- The Washington Times - Wednesday, July 1, 2009

The Obama administration Tuesday proposed legislation for a financial oversight agency designed to protect consumers and investors from unscrupulous deals - a plan praised by Democrats, but met with skepticism on Wall Street.

The proposal also faces a political tussle on Capitol Hill, where pro-business Republicans have opposed past administration attempts at bank reform.

The White House sent Congress a 152-page draft bill to create the Consumer Financial Protection Agency, which it says would offer greater consumer protections for such financial products as mortgages, credit cards and loans by establishing simpler and more transparent rules and regulations.

“This agency will have the power to set standards so that companies compete by offering innovative products that consumers actually want - and actually understand,” said President Obama, whose administration first announced plans for the agency about two weeks ago.

Mr. Obama promised that the most unfair practices by financial institutions would be banned, such as “those ridiculous contracts with pages of fine print that no one can figure out,” adding that “those things will be a thing of the past.”

The agency, if enacted by Congress, would consolidate many of the regulatory duties that are spread over several agencies, such as the Federal Reserve and other regulatory agencies.

“Consumer protection will have an independent seat at the table in our financial regulatory system,” Treasury Secretary Timothy F. Geithner said. “By consolidating accountability in one place, we will reduce gaps in federal supervision and enforcement.”

Financial institutions argue that tighter controls and more regulations would stifle investments and innovation in the financial world and possibly slow down the flow of capital through the markets, a scenario blamed for last year’s Wall Street meltdown.

The “agency would actually harm consumers by increasing the cost of financial products and reducing the availability of credit and consumer choices,” said Steve Bartlett, president and chief executive of the Financial Services Roundtable, a trade group representing the largest U.S. financial services firms.

Rep. Spencer Bachus, the top Republican on the House Financial Services Committee, said American consumers - not a new federal agency - are best positioned to make financial decisions affecting their lives.

The Alabama lawmaker added that the new agency would create a “Good Housekeeping” seal of approval for the financial products that are available, giving consumers a false sense of security that may prevent them from engaging in their own due diligence.

The American Bankers Association said industry supports “effective consumer protection,” but that improving the current regulatory structure is a better solution.

“There is no shortage of laws designed to protect consumers,” said ABA President and Chief Executive Edward L. Yingling.

Senate banking committee Chairman Christopher J. Dodd pushed back at those on Wall Street reluctant at the prospect of more oversight, and called the administration’s bill a “bold and aggressive plan” to defend against a future financial crisis.

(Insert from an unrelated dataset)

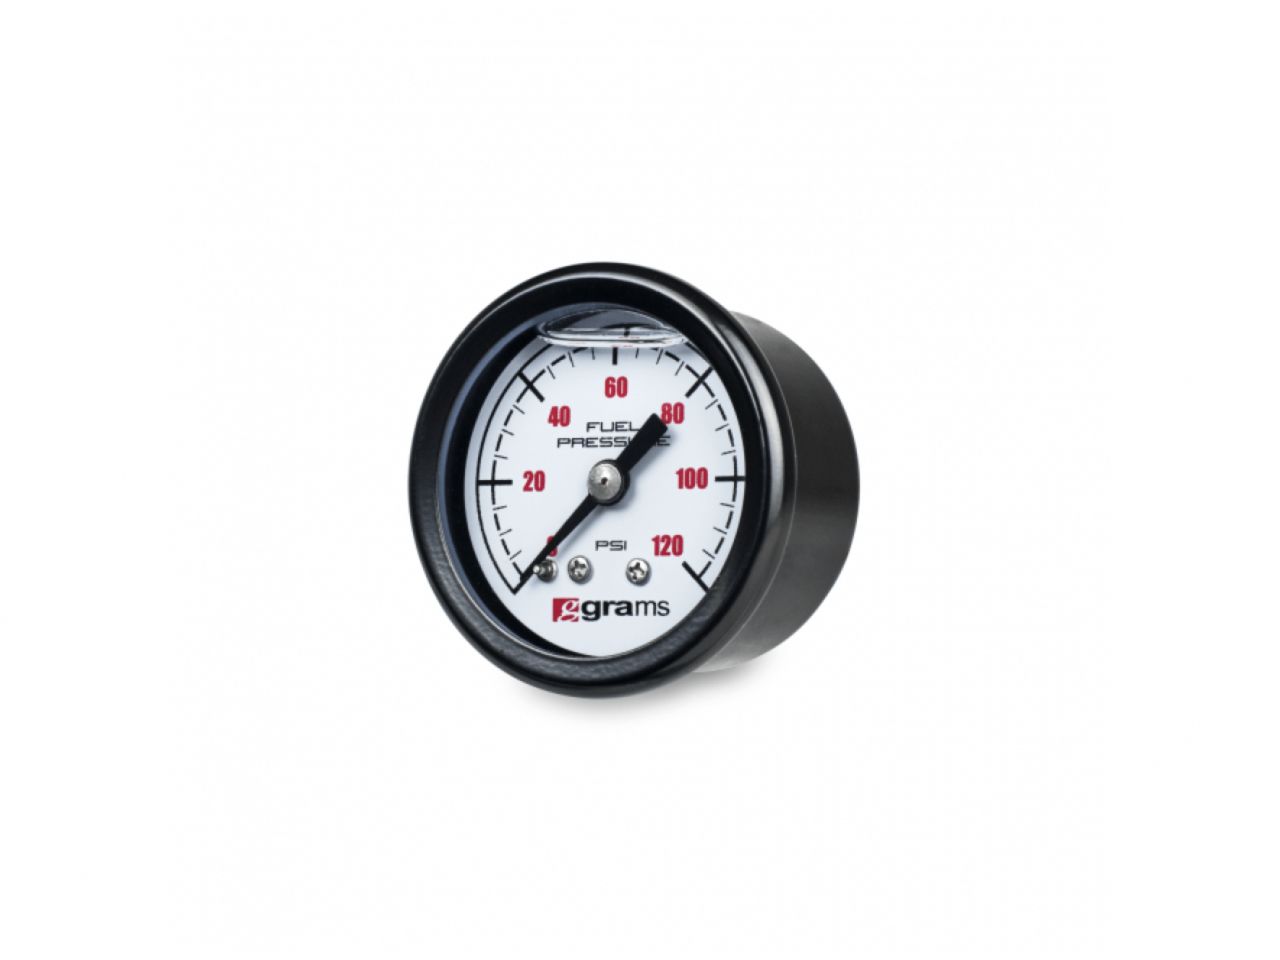 Grams Performance 0-120 PSI Fuel Pressure Gauge

“It is unbelievable that some of the same irresponsible actors that helped create the current financial mess would argue that we are doing too much for consumers,” the Connecticut Democrat said. “Don’t they realize that they need a healthy customer base if they want to continue to be successful?”

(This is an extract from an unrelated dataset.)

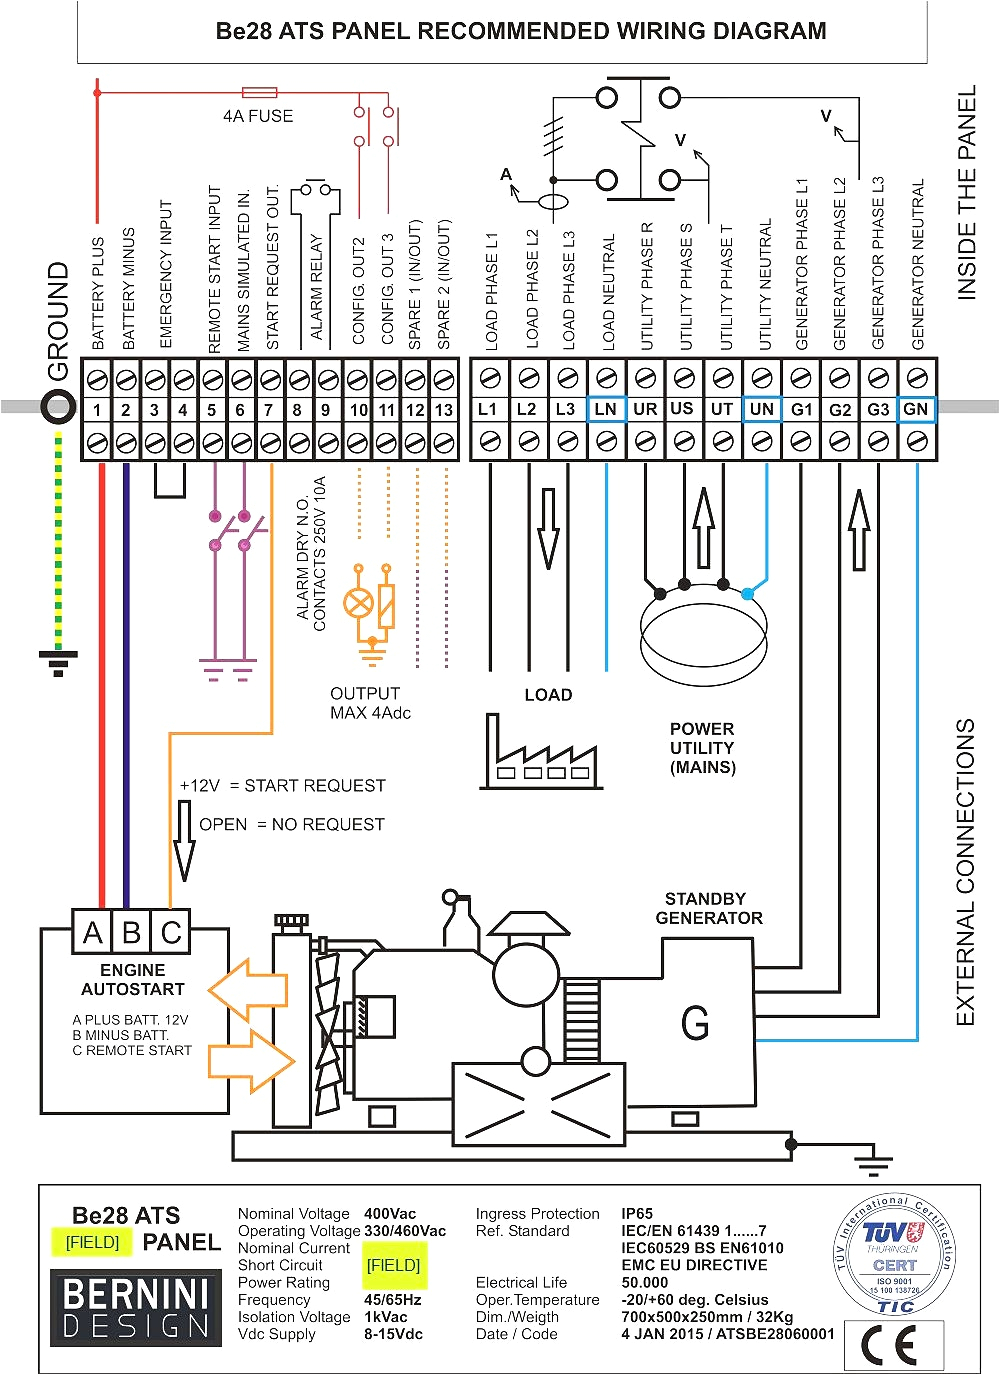 asco wiring diagrams wiring diagram mega asco wiring diagram motor control

The bill likely will evolve as it winds through Congress.

House Financial Services Committee Chairman Barney Frank said that while the committee “will exercise its own judgment on the specifics … it is helpful to have the administration’s proposals as well, because I believe there is a great deal of common ground between us.”

The Massachusetts Democrat added that he hopes his panel can pass the bill before the August congressional break.

“I have made the creation of the agency one of our highest priorities,” he said.